7.3 Metrics Aggregations

The aggregations in this family compute metrics based on values extracted in one way or another from the documents that are being aggregated. The values are typically extracted from the fields of the document (using the field data), but can also be generated using scripts.

Numeric metrics aggregations are a special type of metrics aggregation which output numeric values. Some aggregations output a single numeric metric (e.g. avg) and are called single-value numeric metrics aggregation, others generate multiple metrics (e.g. stats) and are called multi-value numeric metrics aggregation. The distinction between single-value and multi-value numeric metrics aggregations plays a role when these aggregations serve as direct sub-aggregations of some bucket aggregations (some bucket aggregations enable you to sort the returned buckets based on the numeric metrics in each bucket).

7.3.1 Avg Aggregation

A single-value metrics aggregation that computes the average of numeric values that are extracted from the aggregated documents. These values can be extracted either from specific numeric fields in the documents, or be generated by a provided script.

{
  "size": 0,
  "query": {
    "match_all": {}
  },
  "aggs": {
    "avg_price": {
      "avg": {
        "field": "salesPrice"
      }
    }
  }
}

"aggregations": {
    "avg_price": {
        "value": 428.51063644785825
    }
}

7.3.2 Cardinality Aggregation

A single-value metrics aggregation that calculates an approximate count of distinct values. Values can be extracted either from specific fields in the document or generated by a script.

{
  "size": 0,
  "query": {
    "match_all": {}
  },
  "aggs": {
    "brand_count": {
      "cardinality": {
        "field": "brandId"
      }
    }
  }
}

"aggregations": {
    "brand_count": {
        "value": 1186
    }
}

7.3.3 Stats Aggregation

A multi-value metrics aggregation that computes stats over numeric values extracted from the aggregated documents. These values can be extracted either from specific numeric fields in the documents, or be generated by a provided script.
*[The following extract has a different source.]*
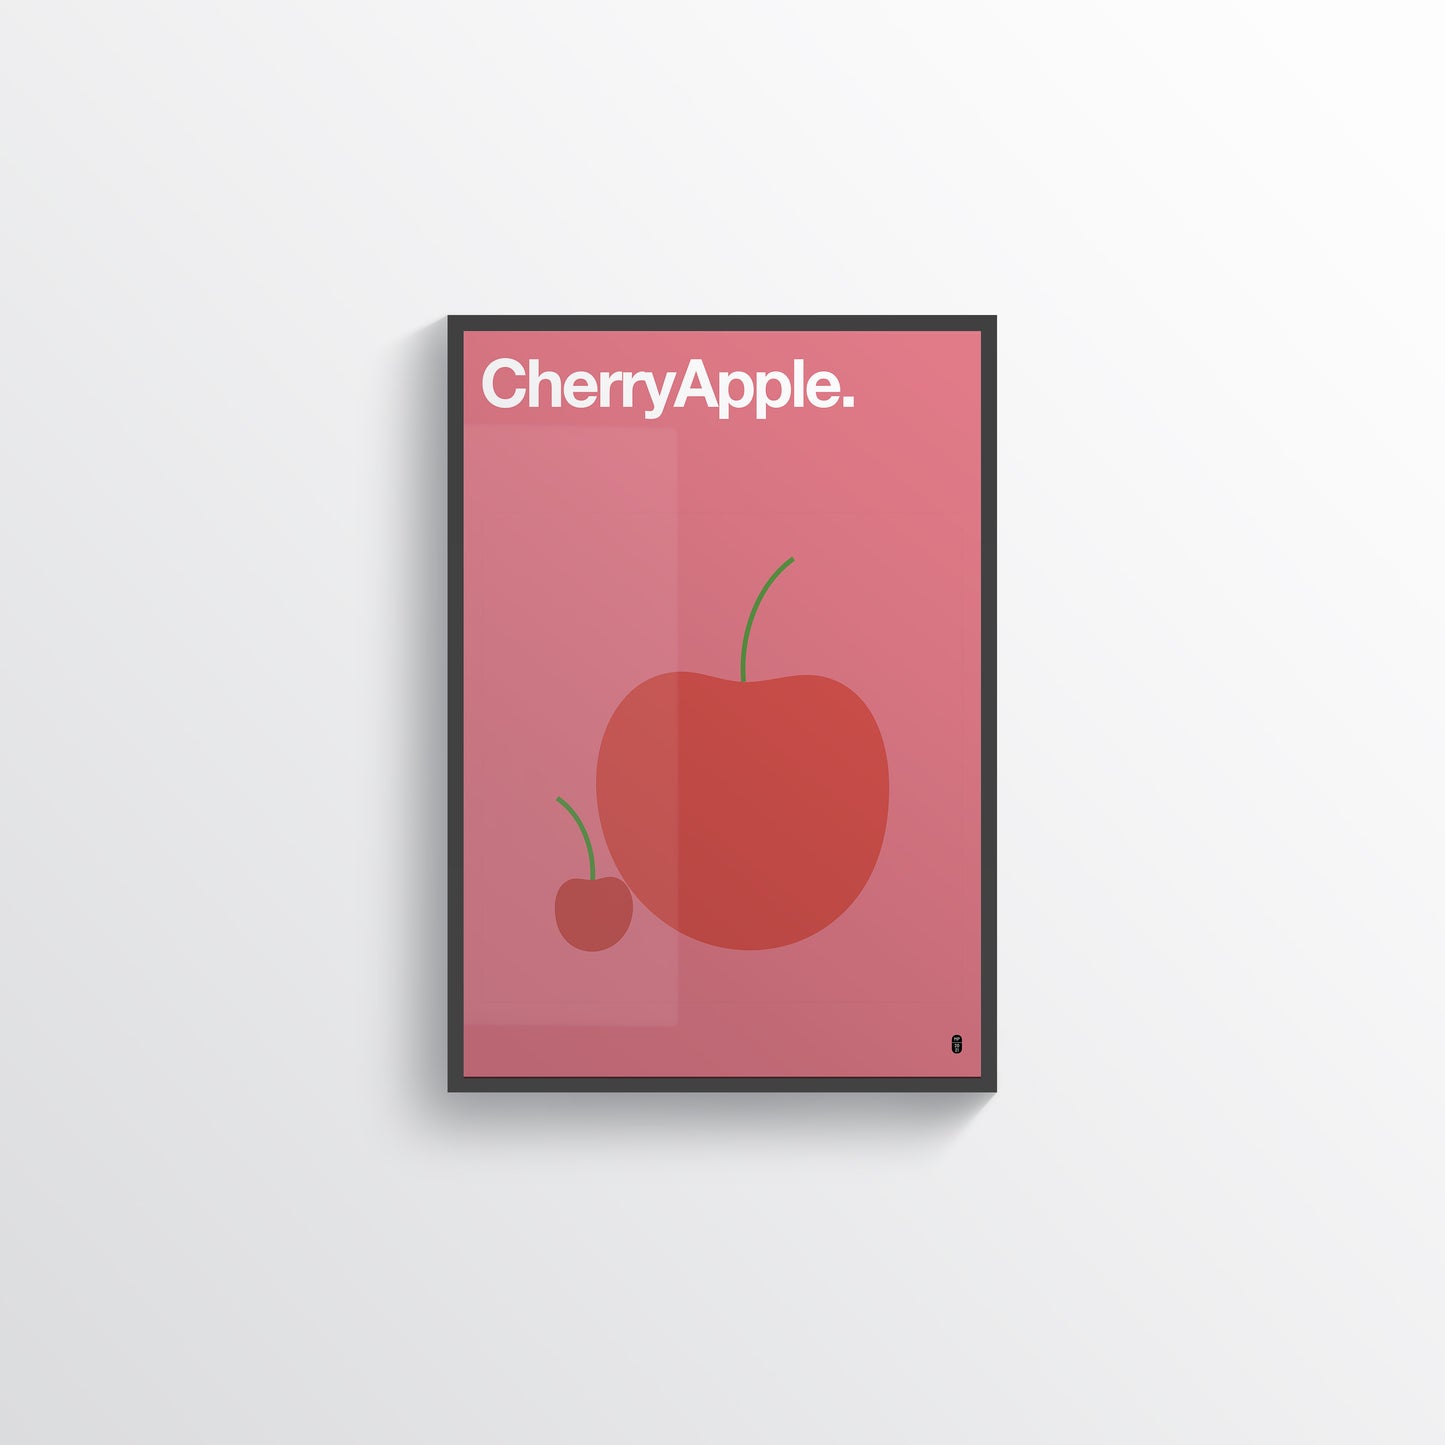 CherryApple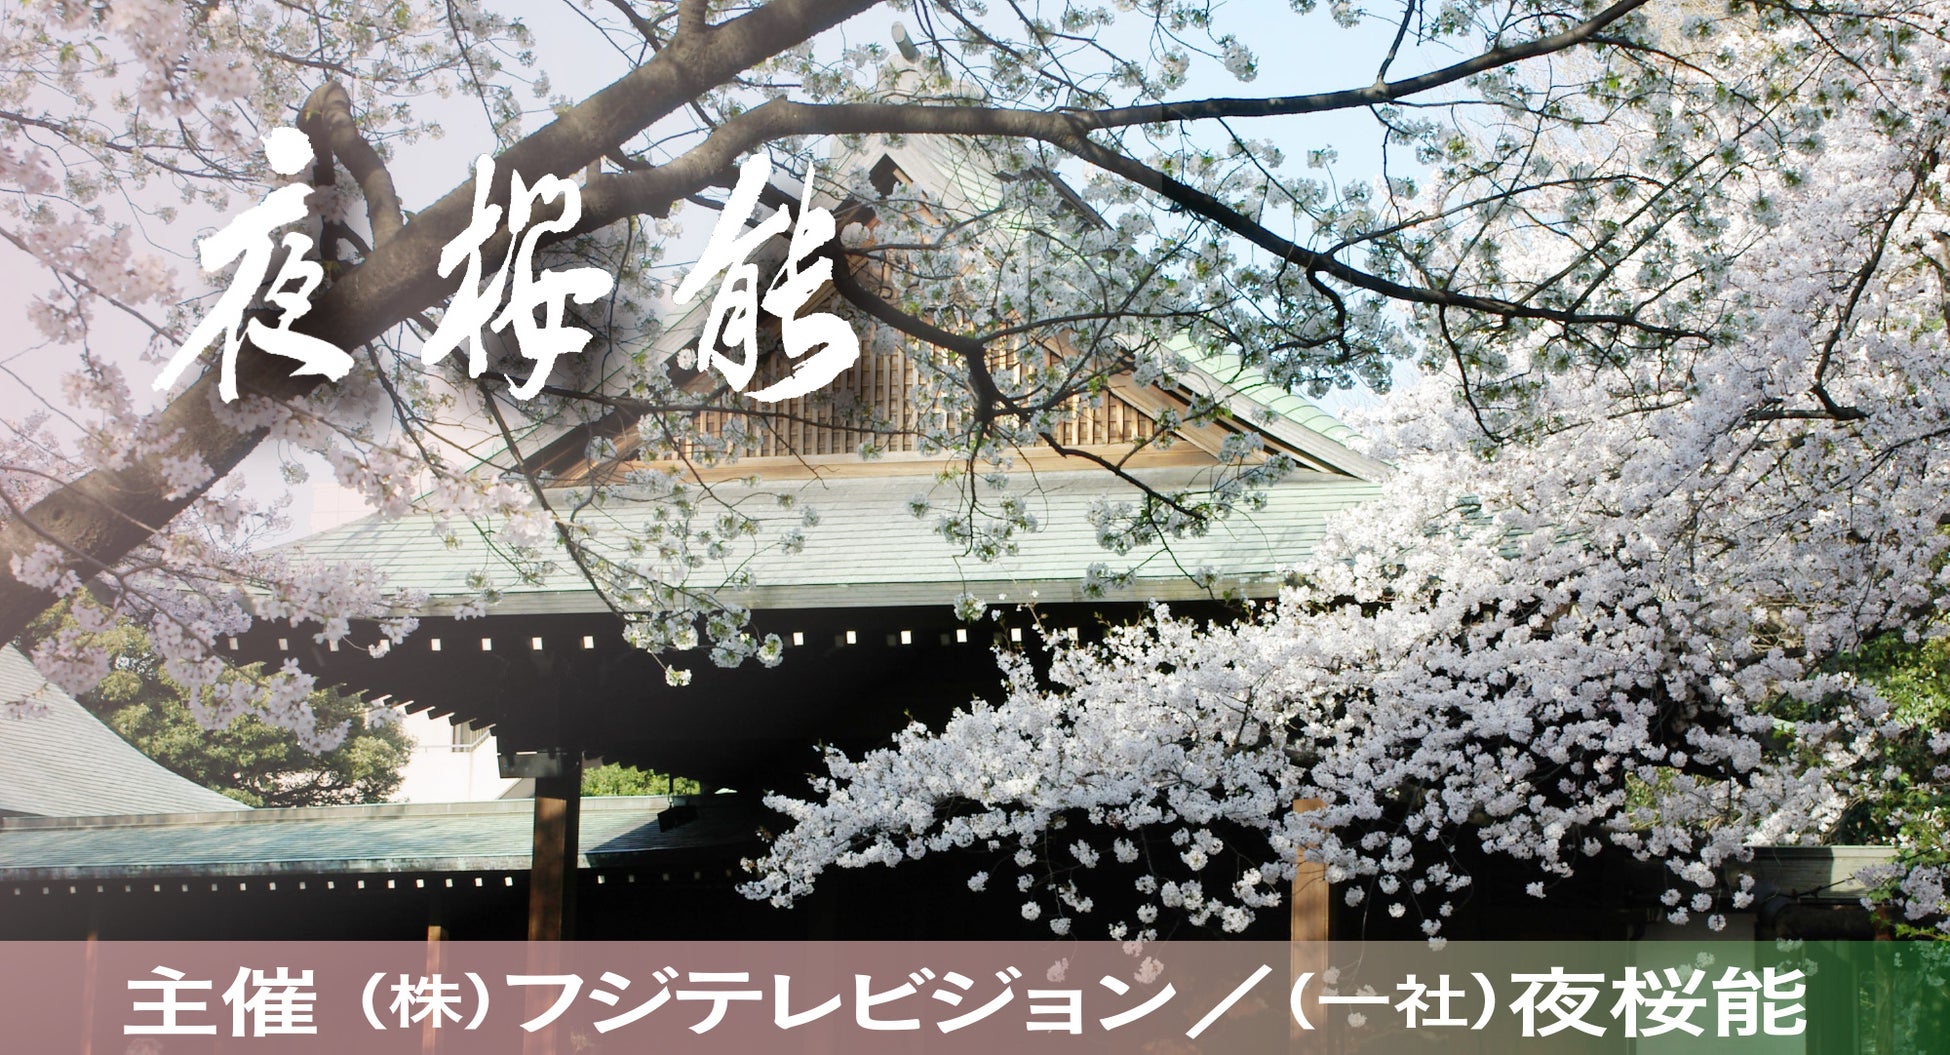 沖縄を代表するアーティストHYが全国へ香りをお届け！花と笑顔のライブツアー「HANAEMI TOUR 2022-2023」の会場で、メンバーによってブレンドされた香りの空間演を出実施します。

The stats that are returned consist of: min, max, sum, count and avg.

{
  "size": 0,
  "query": {
    "match_all": {}
  },
  "aggs": {
    "price_stat": {
      "stats": {
        "field": "salesPrice"
      }
    }
  }
}

"aggregations": {
    "price_stat": {
        "count": 221275,
        "min": 0,
        "max": 131231,
        "avg": 428.51063644785825,
        "sum": 94818691.07999983
    }
}

7.3.4 Extended Stats Aggregation

A multi-value metrics aggregation that computes stats over numeric values extracted from the aggregated documents. These values can be extracted either from specific numeric fields in the documents, or be generated by a provided script.

The extended_stats aggregations is an extended version of the stats aggregation, where additional metrics are added such as sum_of_squares, variance, std_deviation and std_deviation_bounds.

{
  "size": 0,
  "query": {
    "match_all": {}
  },
  "aggs": {
    "price_stat": {
      "extended_stats": {
        "field": "salesPrice"
      }
    }
  }
}

"aggregations": {
    "price_stat": {
        "count": 221275,
        "min": 0,
        "max": 131231,
        "avg": 428.51063644785825,
        "sum": 94818691.07999983,
        "sum_of_squares": 118950750156.63016,
        "variance": 353948.4012870255,
        "std_deviation": 594.9356278514723,
        "std_deviation_bounds": {
        "upper": 1618.3818921508027,
        "lower": -761.3606192550864
        }
    }
}

7.3.5 Geo Bounds Aggregation (Skipped)

7.3.6 Geo Centroid Aggregation (Skipped)

7.3.7 Max Aggregation

A single-value metrics aggregation that keeps track and returns the maximum value among the numeric values extracted from the aggregated documents.

"aggs": {
    "max_price": {
        "max": {
            "field": "salesPrice"
        }
    }
}

7.3.8 Min Aggregation

A single-value metrics aggregation that keeps track and returns the minimum value among numeric values extracted from the aggregated documents.

"aggs": {
    "min_price": {
      "min": {
        "field": "salesPrice"
      }
    }
  }

7.3.9 Percentiles Aggregation

A multi-value metrics aggregation that calculates one or more percentiles over numeric values extracted from the aggregated documents.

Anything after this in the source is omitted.